### Task instructions:
What are the lines below, starting at the line containing "Căn hộ penthouse là gì? Điều bạn cần biết" and ending at the line containing "mobile pre booking - 3"? Write them out exactly, ends included, without pictures.

### Given entries:
● ● ● ● ●
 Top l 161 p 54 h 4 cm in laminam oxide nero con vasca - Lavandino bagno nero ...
● ● ● ● ●
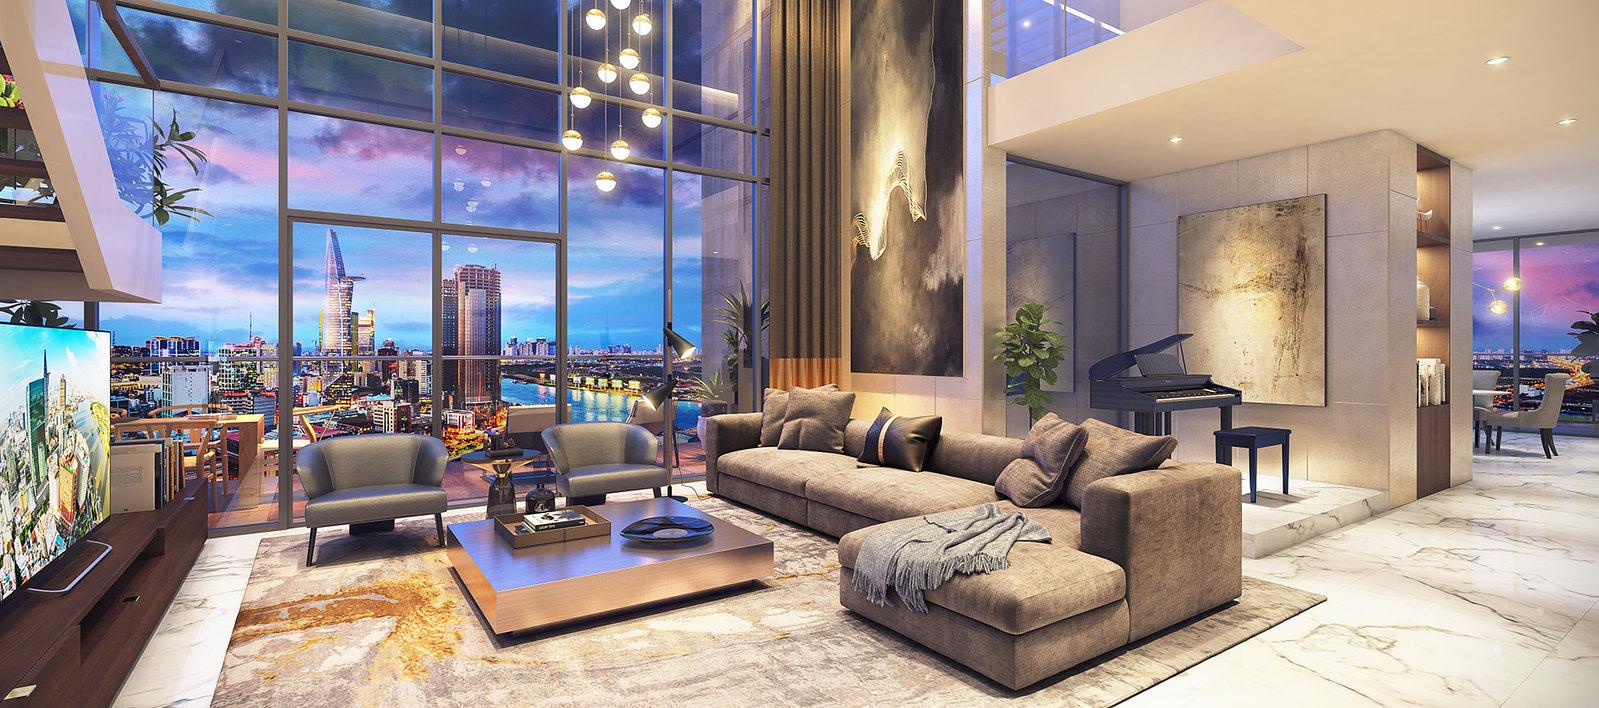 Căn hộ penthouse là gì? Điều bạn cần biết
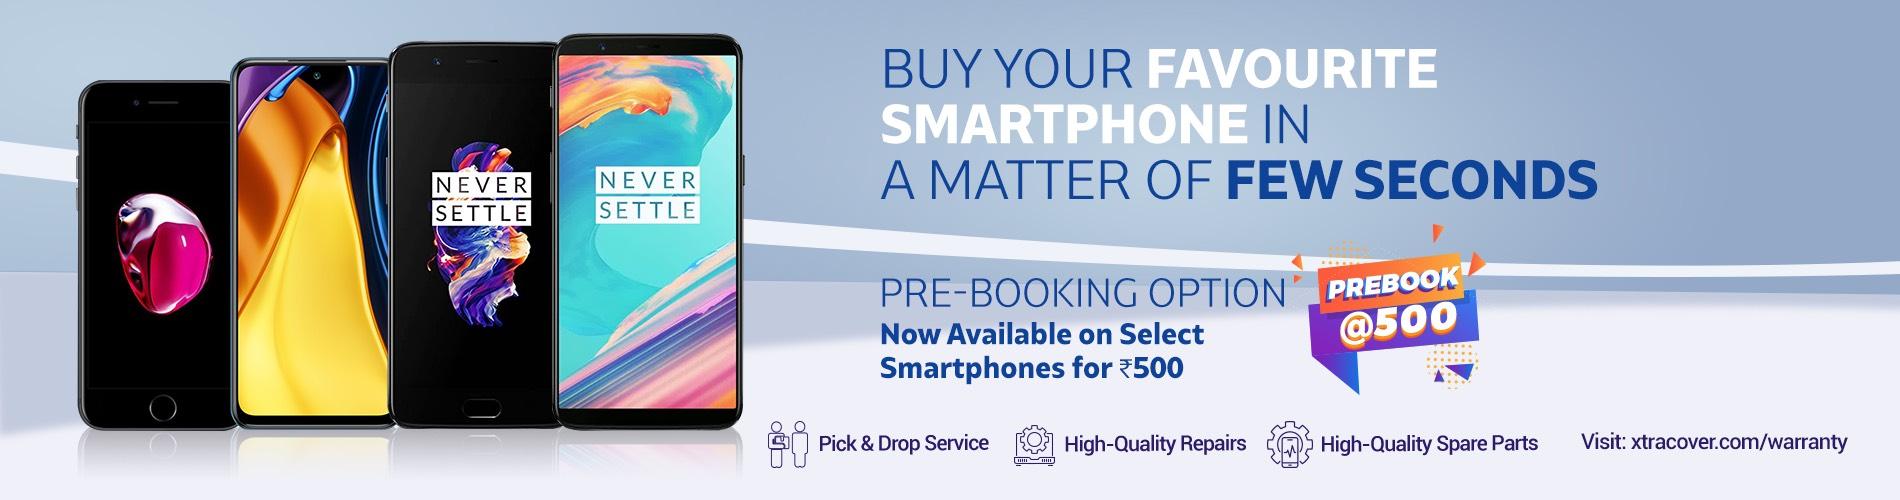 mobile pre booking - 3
● ● ● ● ●
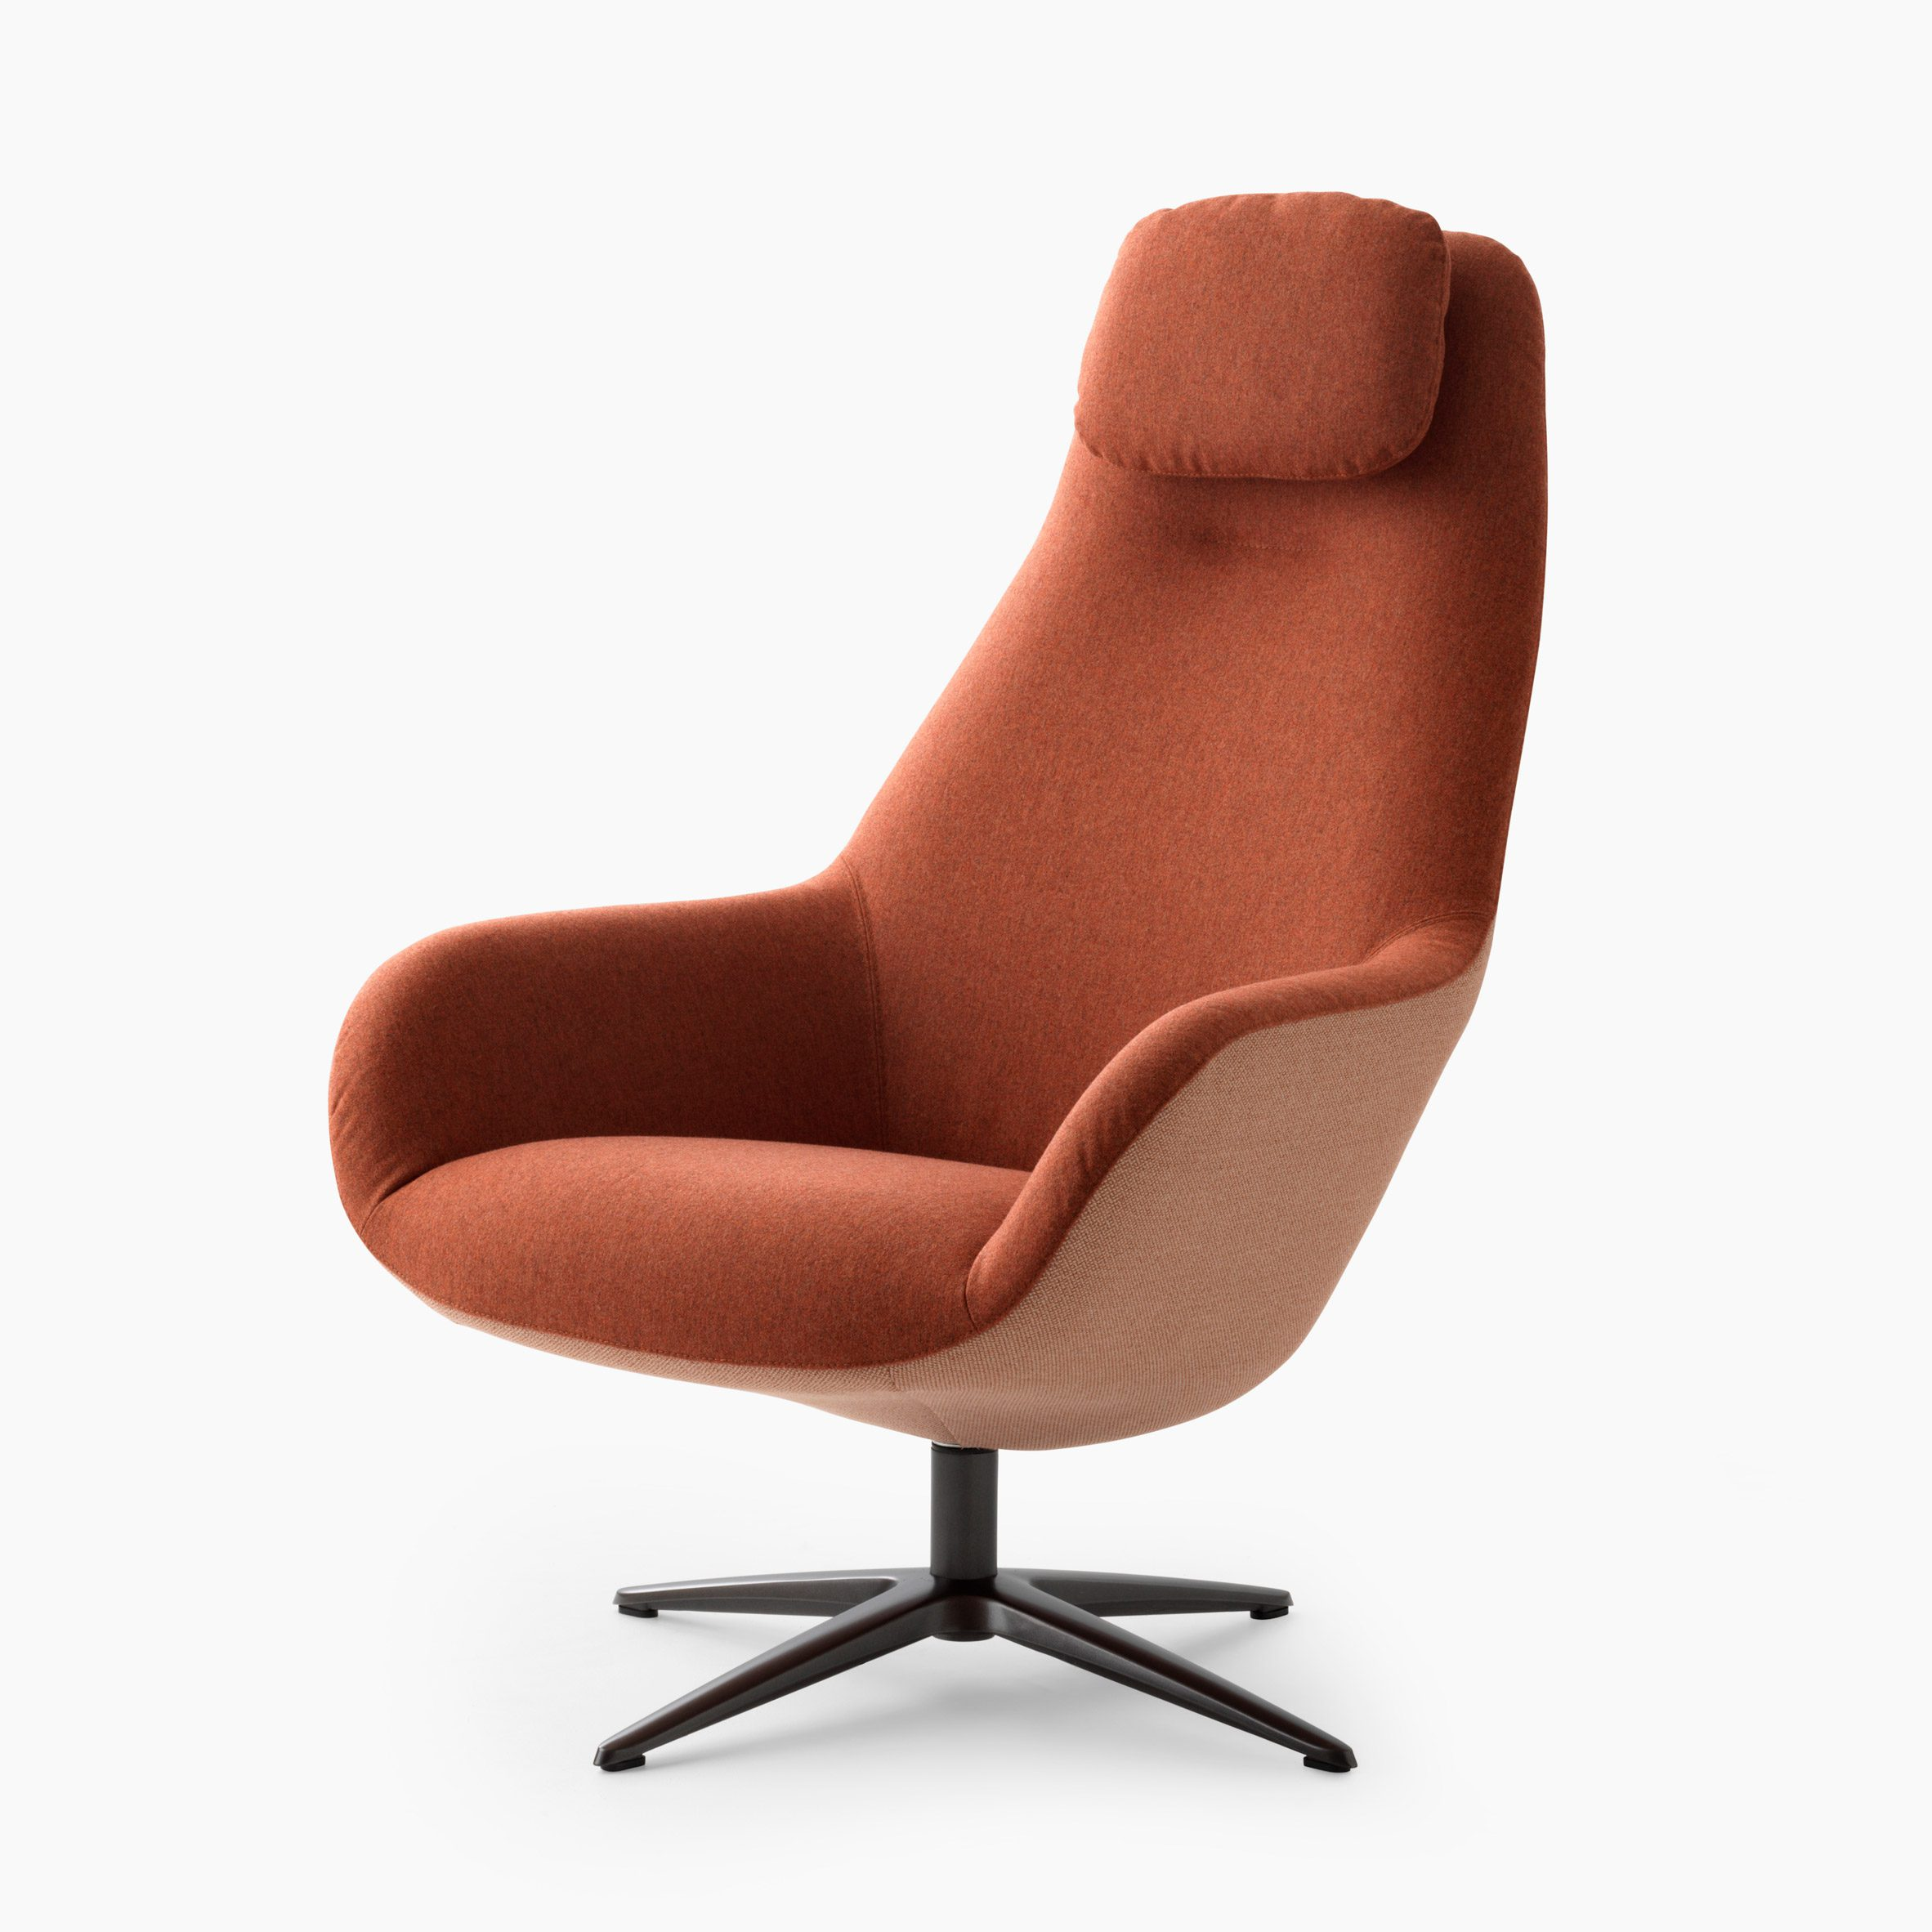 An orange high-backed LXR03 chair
● ● ● ● ●
### Solution to the exercise:
 Căn hộ penthouse là gì? Điều bạn cần biết
 mobile pre booking - 3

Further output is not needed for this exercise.